St. Paul Saints stadium funding gap could be as high as $29m

If you’re depressed about the state of newspapers after this, here’s something to cheer you up: a long post on the Minneapolis Star Tribune’s website that actually lays out the math for a proposed stadium deal and reports its findings. The stadium in question is for the minor-league St. Paul Saints, it’s set to cost $66 million, and nobody knows where nearly half that money will come from. Simplifying the article’s charts a bit:

Ballpark Construction Capital Cost: $66.1 million

Upfront Capital Cost Breakdown (by Municipality / Private Entity):
State of Minnesota: $27,000,000
City of St. Paul: $9,000,000 *Agreed to provide $17 million
St. Paul Saints Organization: $1,500,000

Total Monies Available: $37,500,000 *$66.6m Total Cost with $37.5m Avail. in 2013 = $29m shortfall

The Saints have also agreed to pay an additional $340,000 a year, though as they won’t own the building, the article notes, this is more reasonably considered “rent” than an actual contribution to the construction cost. And in any event, this still leaves the stadium with a rather large shortfall, in part because of increased environmental cleanup costs, in part because the Saints tacked on some new features to make their minor-league park “first class,” and in part because St. Paul officials apparently have some trouble with addition.

The story goes on to estimate the tax revenue benefits to Minnesota, and while the numbers are a bit speculative, it’s clear that the total impact amounts to “not much.” If the Saints are able to increase attendance from 5,000 to 6,000 per game (the new stadium is supposed to hold 7,000), concludes the article, “For St. Paul to make up its end of the financing bargain, they would need to immediately impose a $1.13 tax per ticket sold over the next 25 years, not accounting for debt service payments.”
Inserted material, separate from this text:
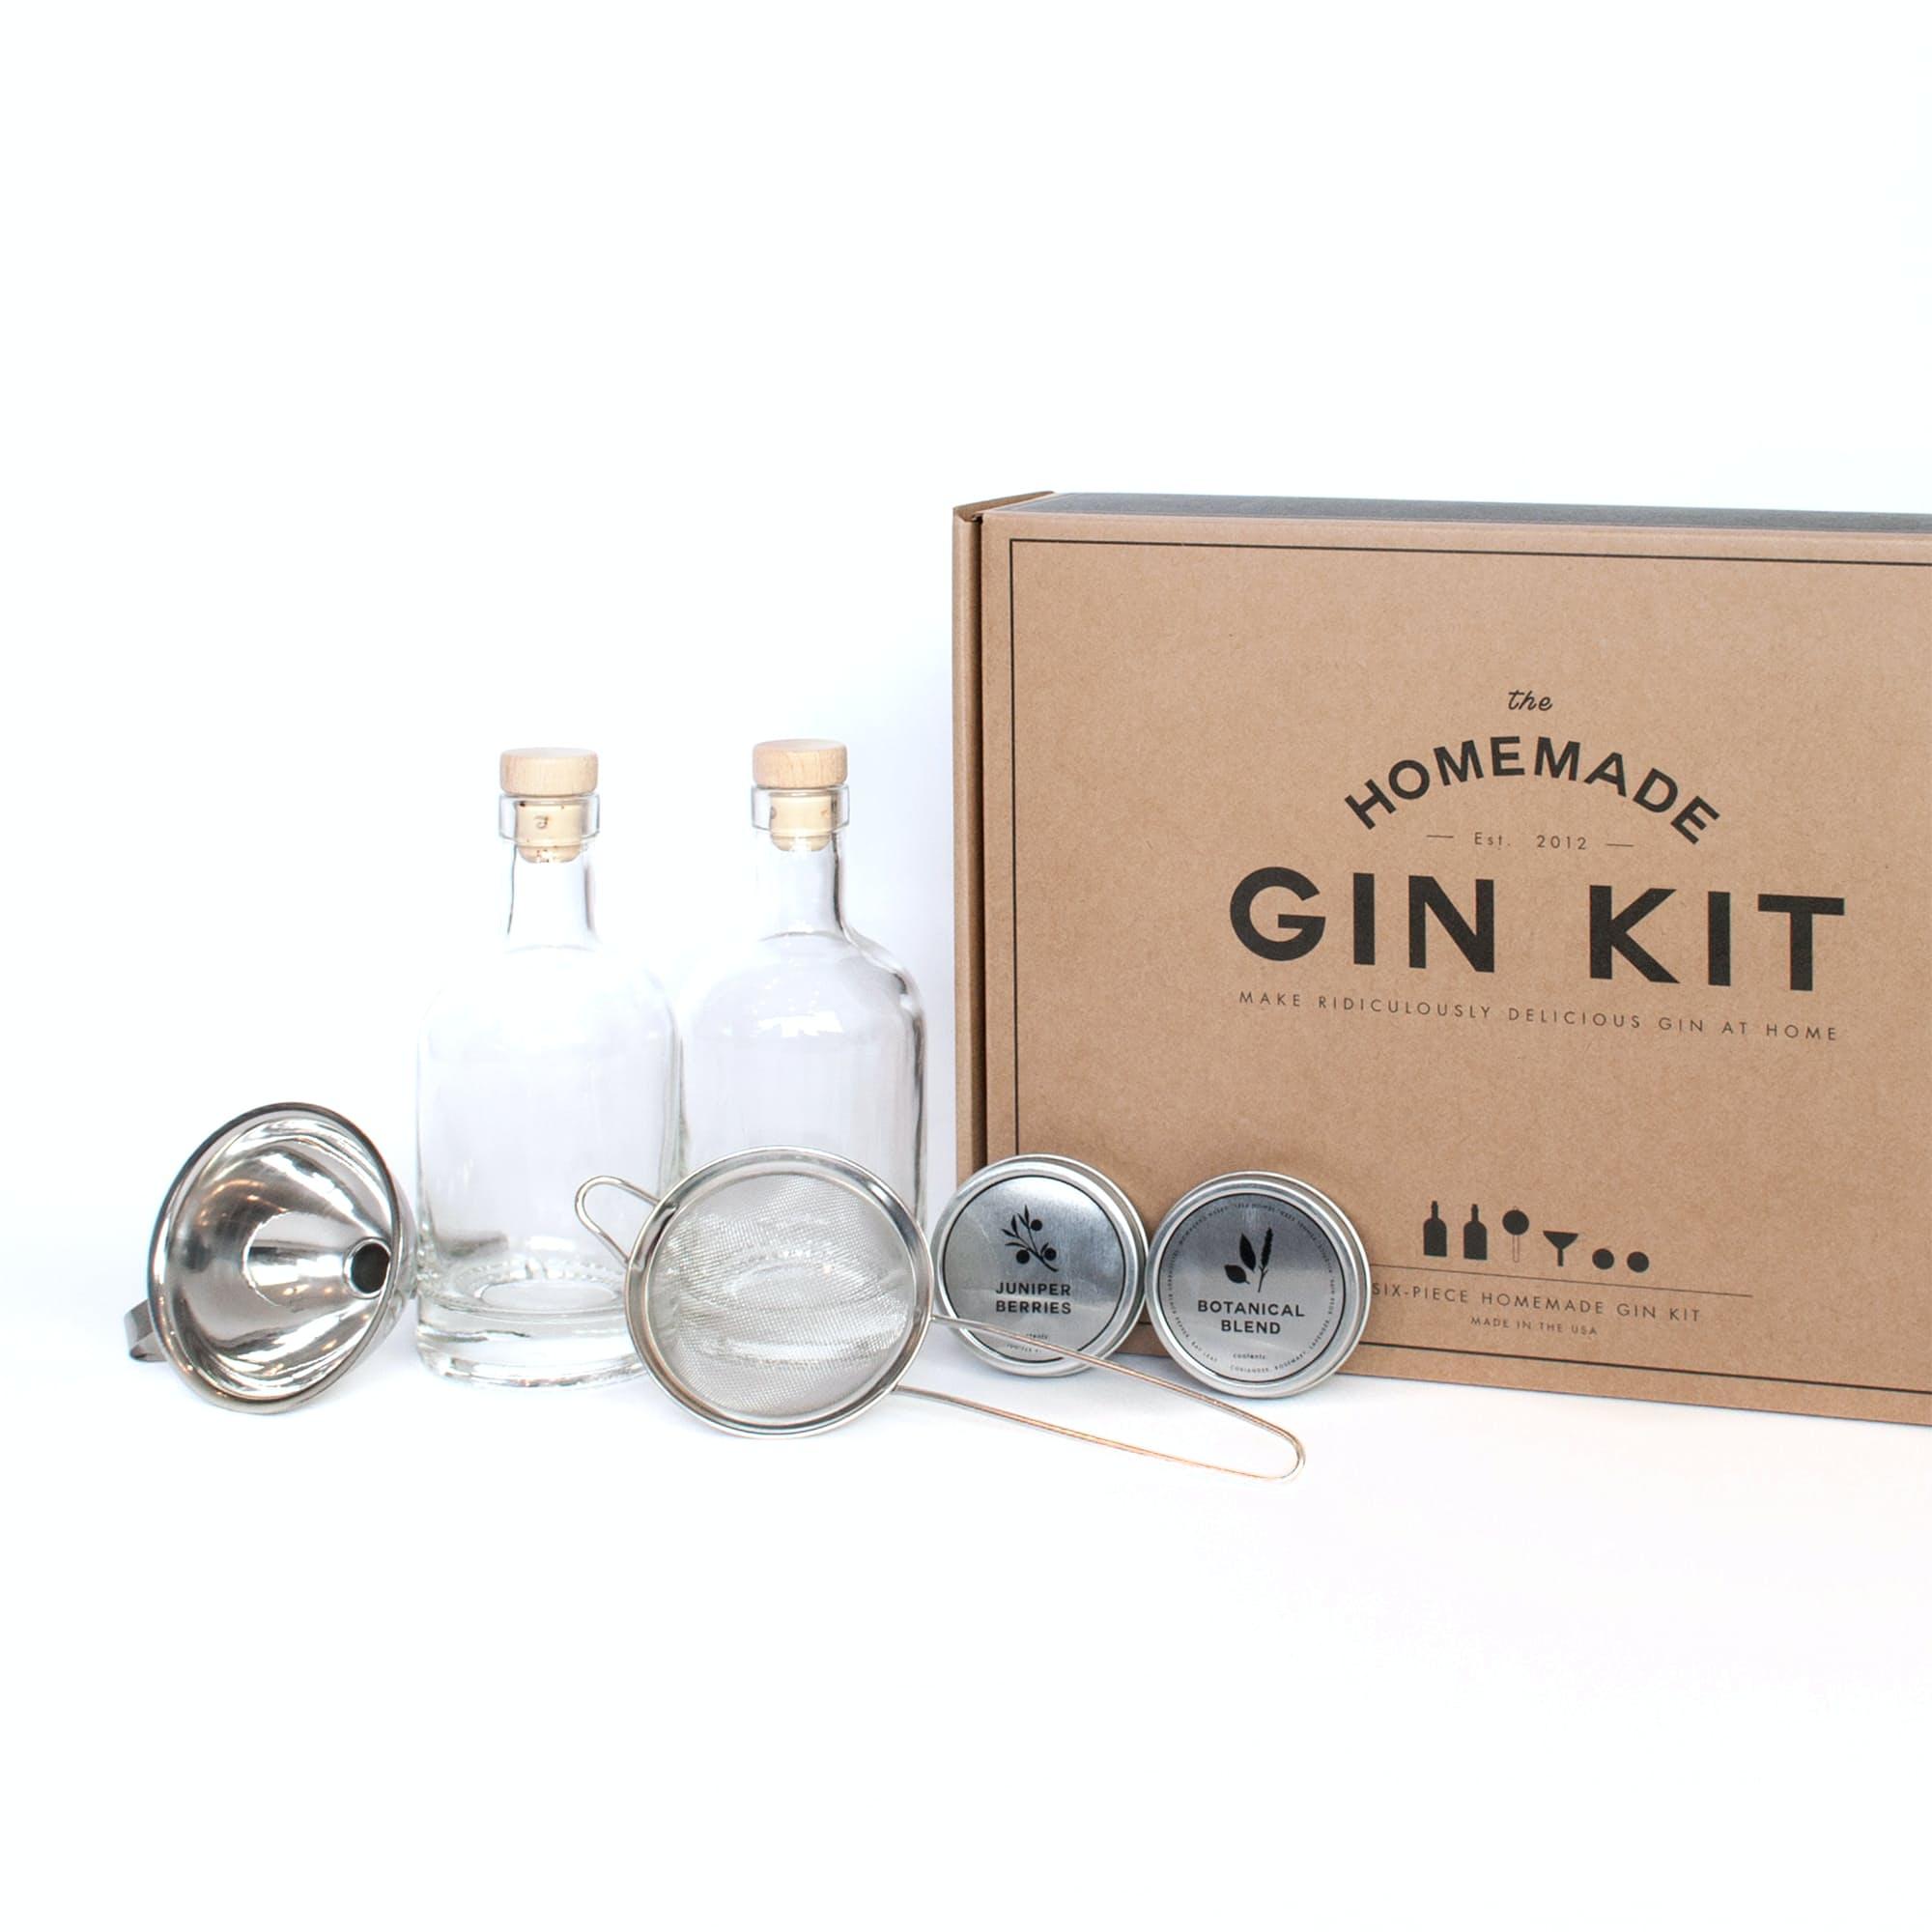 Xaycecbypf w p design homemade gin kit 0 original

There’s more that could be done to fine-tune this analysis, but in all it’s a fine piece of reporting, and we should applaud the Star Tribune for having one of its reporters actually crunch the numbers rather than just taking team marketing claims at their word. So, props to Nathaniel Hood, who is … “a transportation planner and blogger living in St. Paul”? Wait, this is an op-ed post on the paper’s YourVoices section, not something that the Star Tribune assigned to one of its own reporters? Okay, you can go ahead and be depressed about the state of newspapers after all.